Data supplied Start Marker

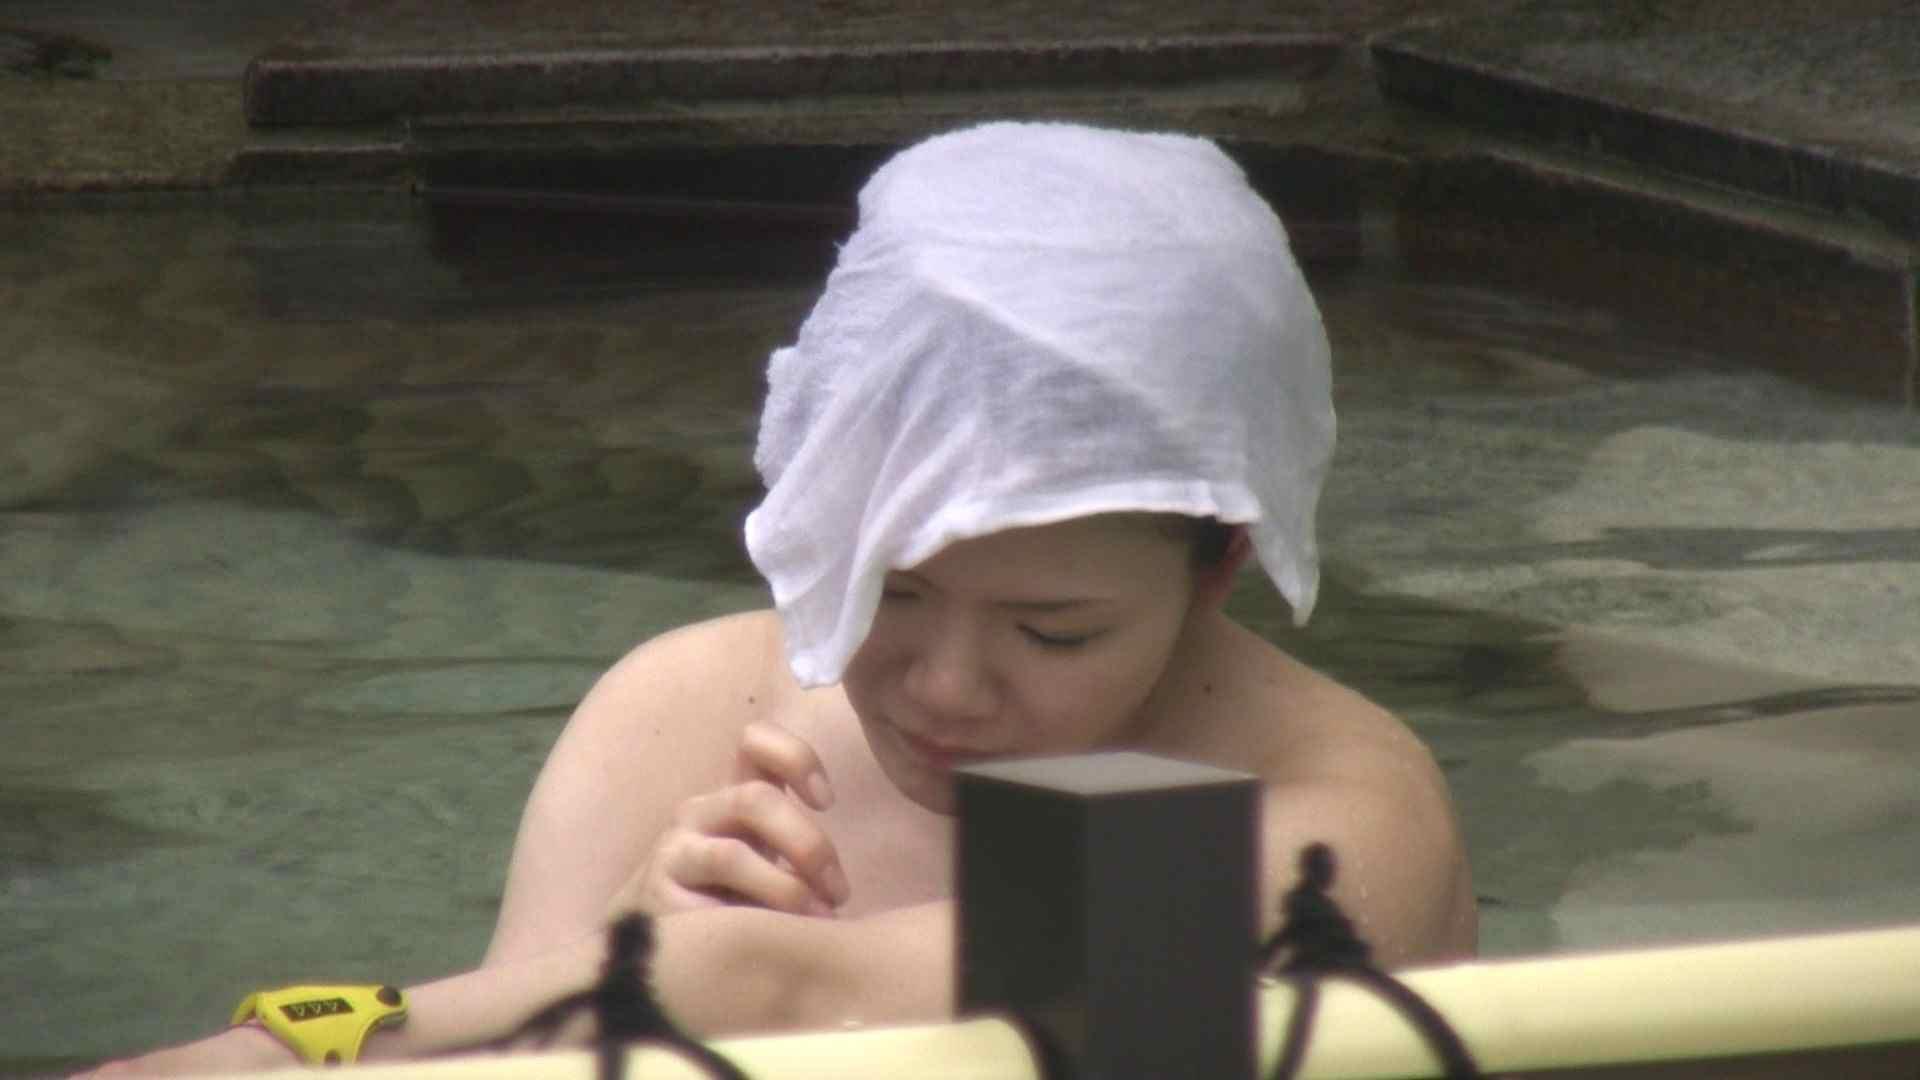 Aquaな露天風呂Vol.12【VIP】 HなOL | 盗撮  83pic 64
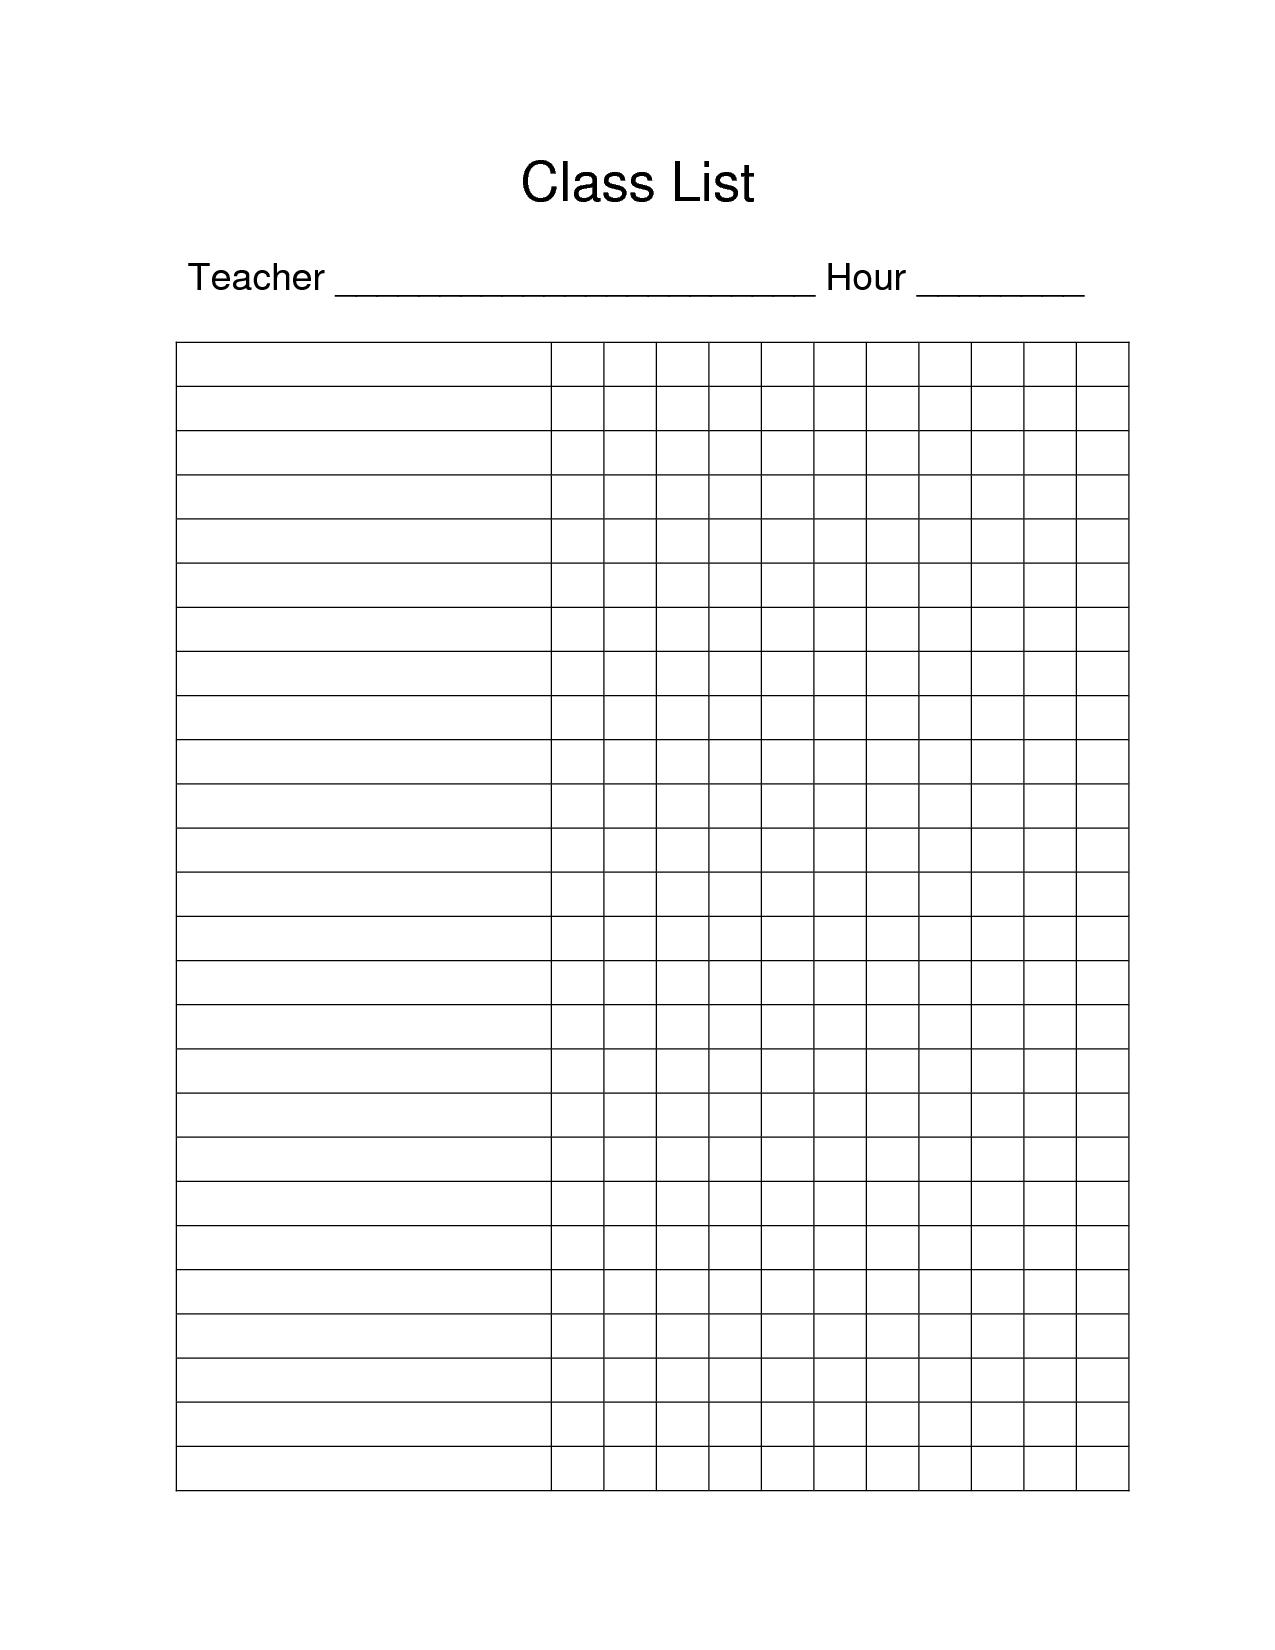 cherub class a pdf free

Data supplied End Marker
Data supplied Start Marker

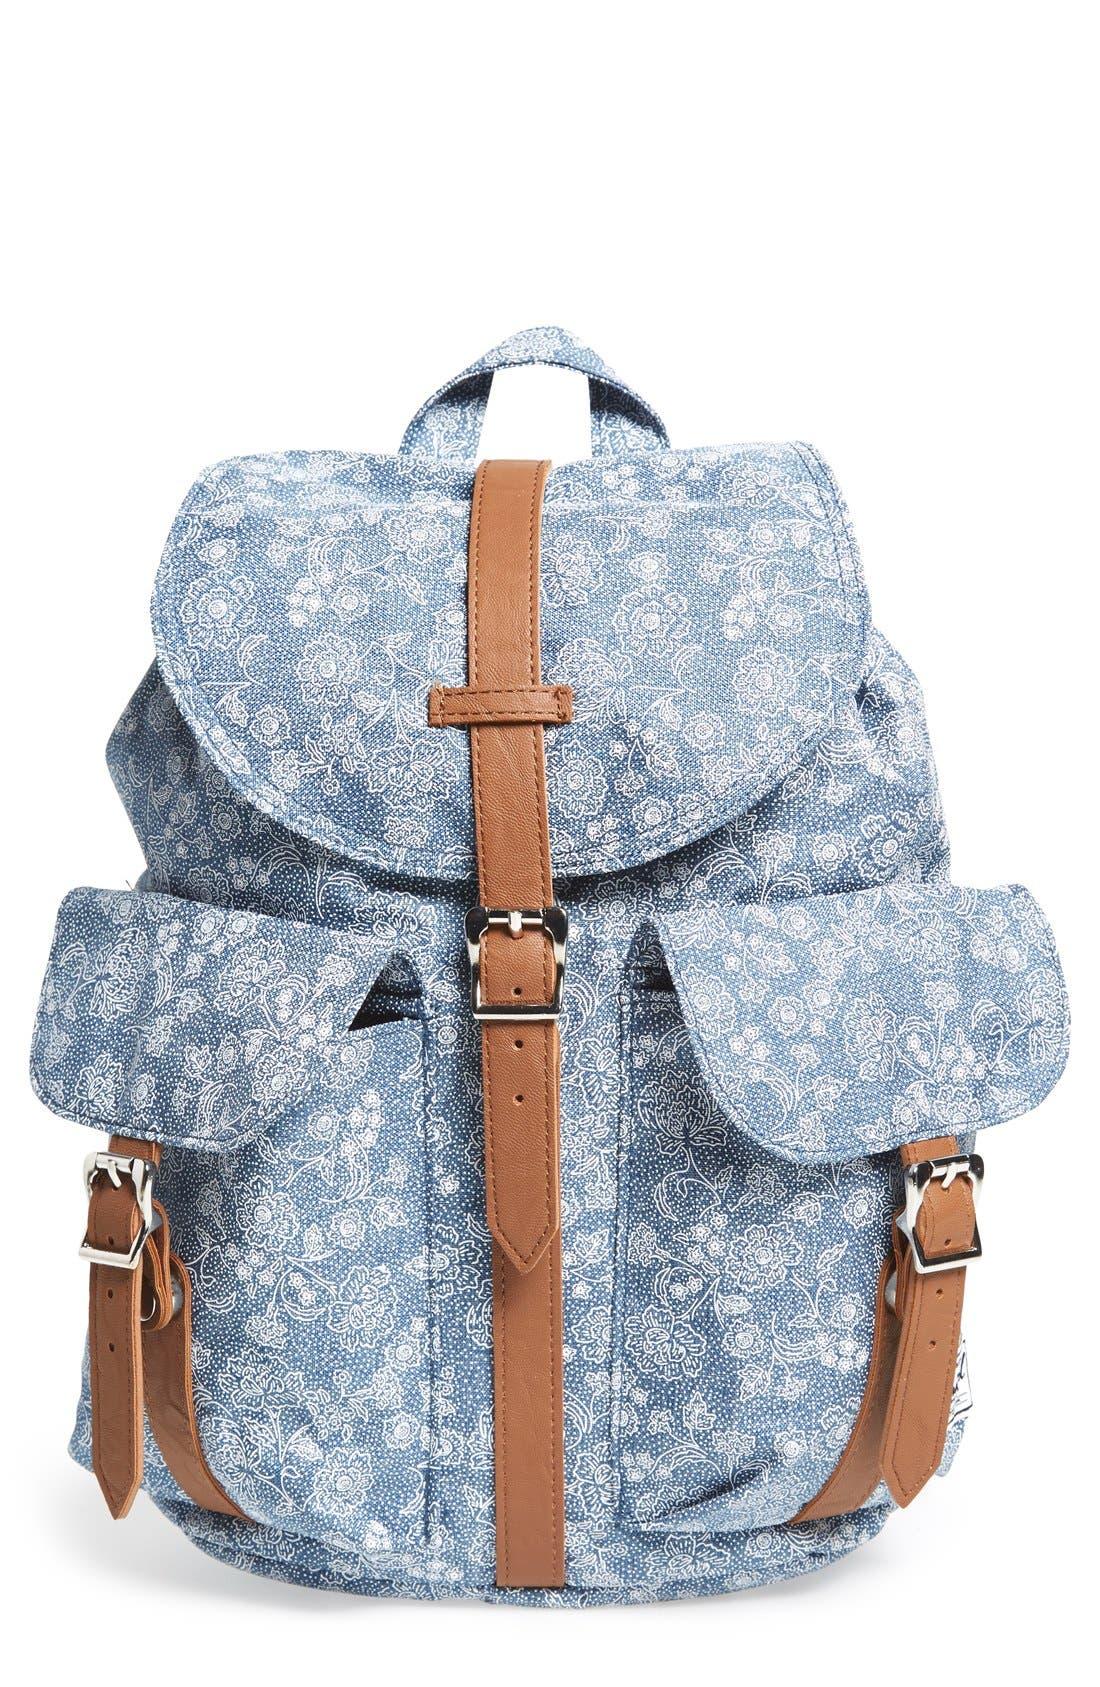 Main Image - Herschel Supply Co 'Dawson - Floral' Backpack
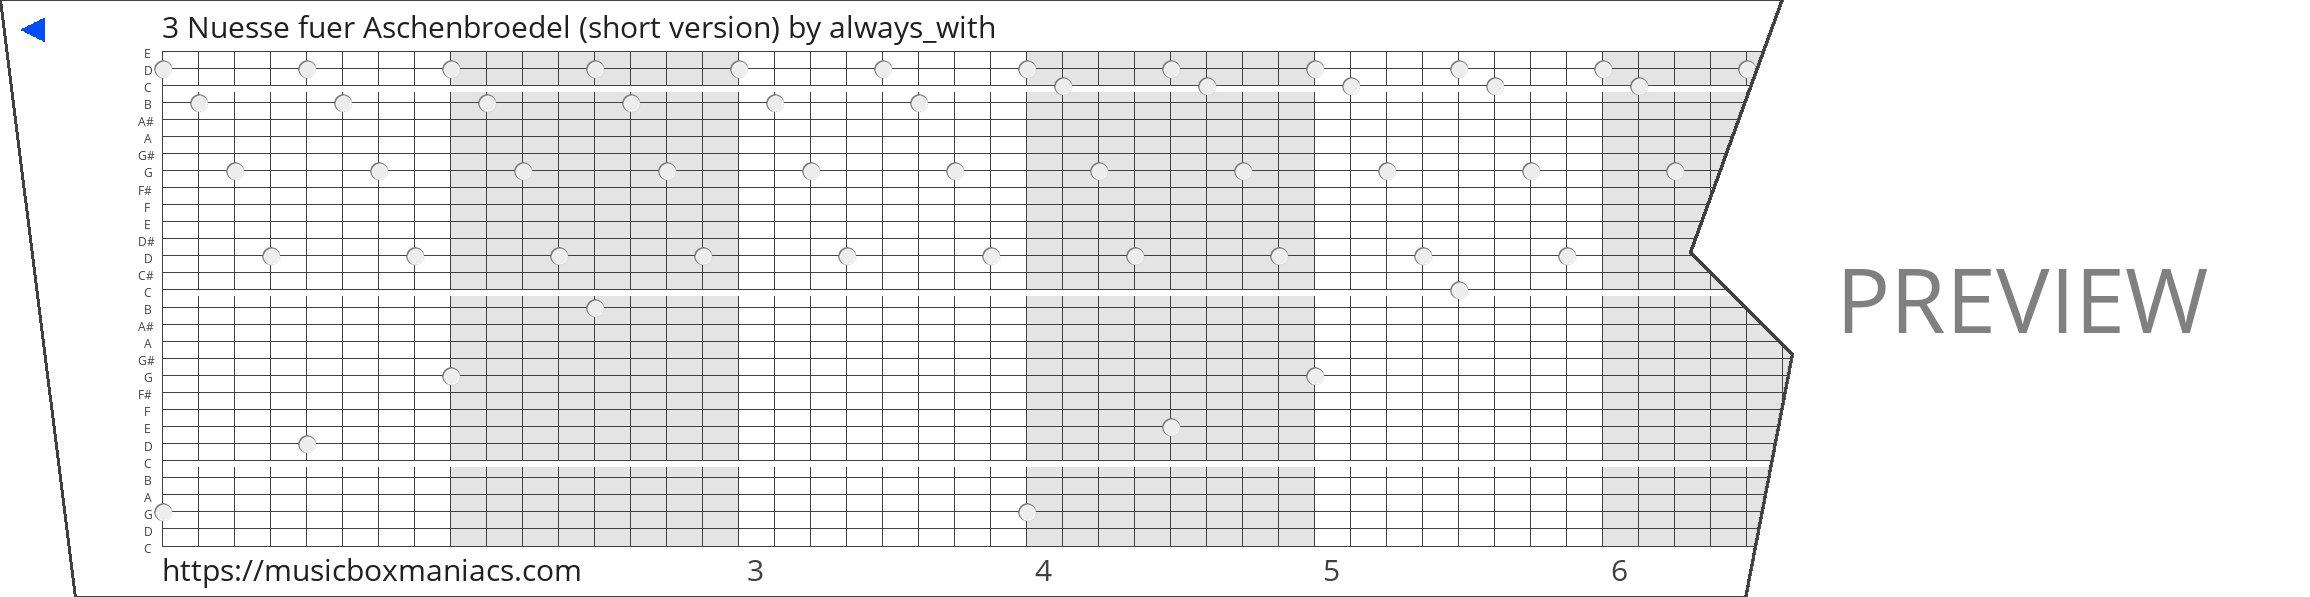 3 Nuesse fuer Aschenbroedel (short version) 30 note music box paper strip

Data supplied End Marker

- _Task to complete_:
Working from the entries above, reproduce exactly and only the lines beginning with the line that has "Main Image - Herschel" and ending with the line that has "3 Nuesse fuer"; omit all pictures.

- _Completed task_:
 Main Image - Herschel Supply Co 'Dawson - Floral' Backpack
 3 Nuesse fuer Aschenbroedel (short version) 30 note music box paper strip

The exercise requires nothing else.